As you may have noticed, I like to share articles about Pacific Islands culture. These will include information about history, festivals, art exhibitions, language and anything else that I can find that contributes to the cultural heritage of the islands in the region. But there is another factor that has helped shape the Pacific Islanders’ identities since they first landed on all the islands thousands of years ago that doesn’t get talked about enough- the ocean.
Scientifically, the ocean plays a fundamental role in shaping the climate zones we see on land. Even areas hundreds of miles away from any coastline are still largely influenced by the global ocean system. Culturally, the ocean has dictated options for clothing, shelter and food.
The Pacific Islands are home to the world’s most diverse range of indigenous cultures that continue to sustain many ancestral ways of life. Spread across a vast expanse of ocean, Pacific Island peoples occupy an array of environments, from Papua New Guinea’s massive mountains to the atolls and lagoons of Polynesia to Auckland New Zealand’s urban jungles. With the ocean being affected by climate change and over fishing, Pacific Island culture will most likely experience another change in the near future.

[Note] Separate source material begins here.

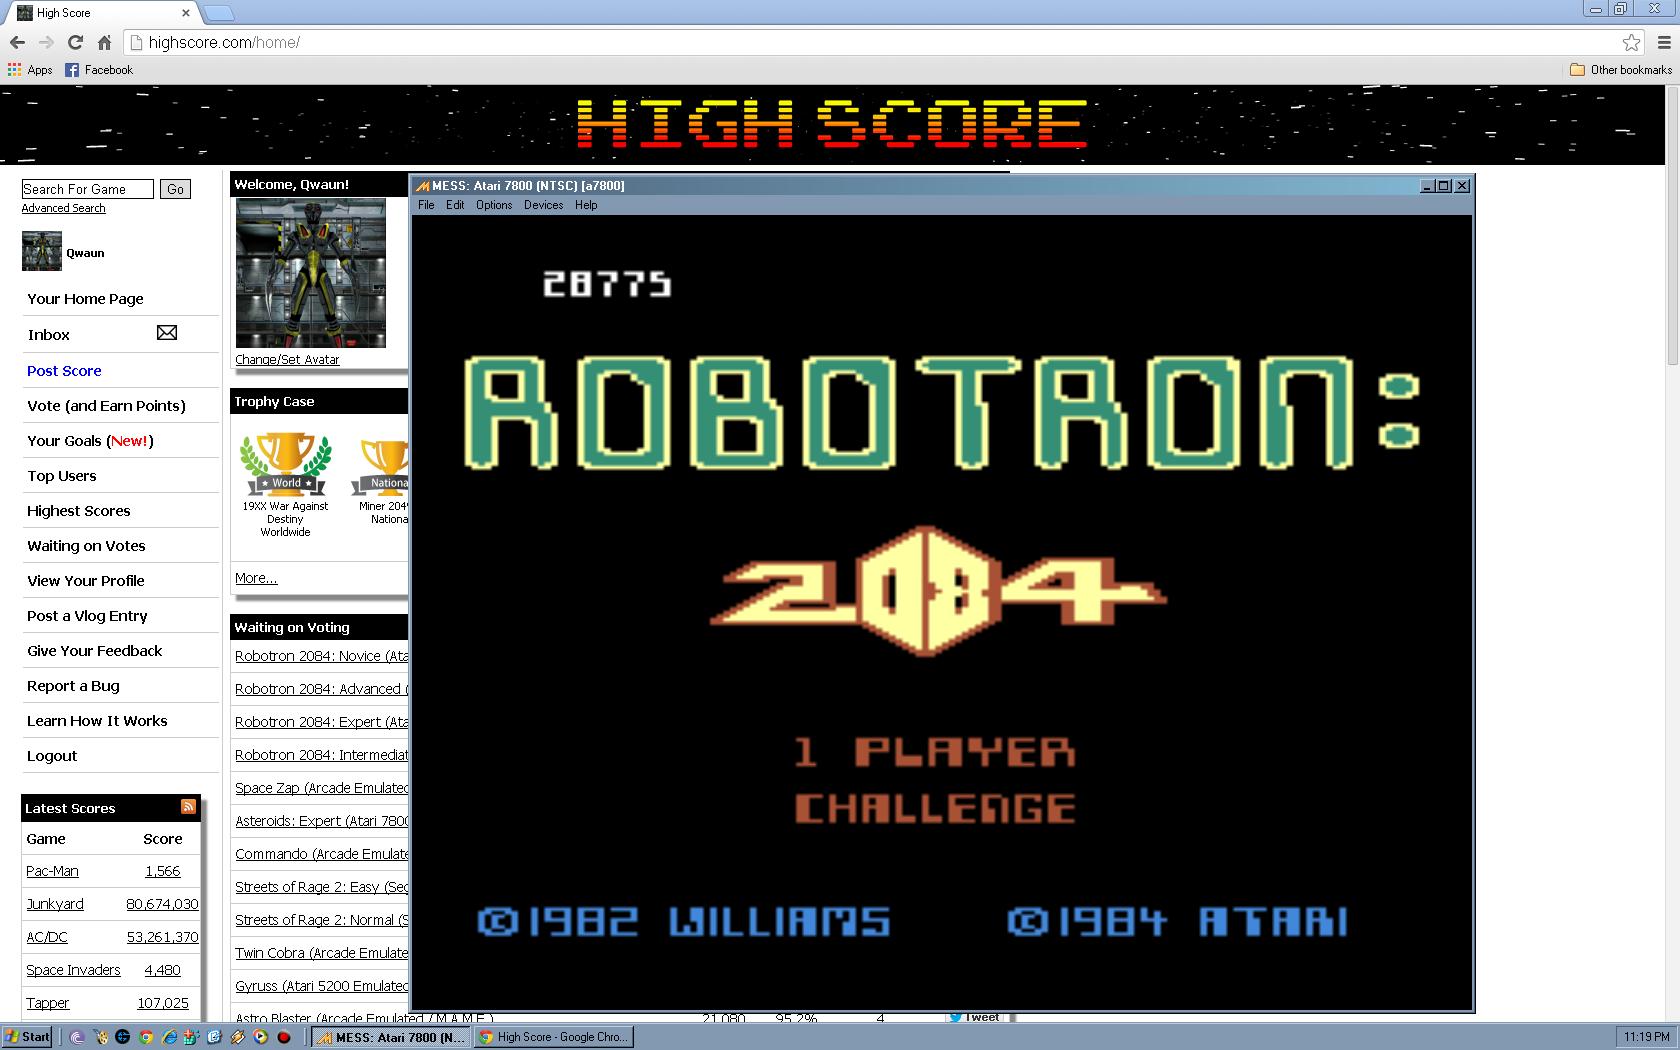 Robotron 2084: Challenge 28,775 points

Recently the President of Palau, Tommy Remengesau, stated that he believes that the ocean is a way of life- it represents culture, and is vital to our livelihood and economy. Remengesau has led the world in protecting the ocean. Under his administration, Palau is now a marine sanctuary where all commercial fishing is prohibited. In 2009, his predecessor, Johnson Toribiong, declared the country’s territorial waters a shark sanctuary. Since that time, other countries followed suit and have created their shark sanctuaries, including other Pacific Islands such as the Marshall Islands and French Polynesia.
Dr. Rick Stafford from the Department of Life and Environmental Sciences at Bournemouth University in England has done extensive research particularly in the areas of over fishing and shark finning and how these activities may result in more greenhouse gasses and increased climate change. He believes that negative media reports on shark attacks, along with a lack of knowledge of marine ecosystems, have resulted in limited public support for marine conservation. Dr. Stafford said: “We hope that our study will help people understand the importance of the marine environment — and that protecting it can have important effects on seemingly unrelated processes such as climate change.”
For his part, President Remengesau said the health of oceans affects countries in a variety of ways, from rising sea levels to ocean acidification and unpredictable weather. “It doesn’t matter where one lives around the world,” he added. “All people are connected and are impacted by what they do to the oceans and the health of the oceans and the seas. It is important that the United Nations in the next Millennium Development Goals should really put a stand-alone policy into action.”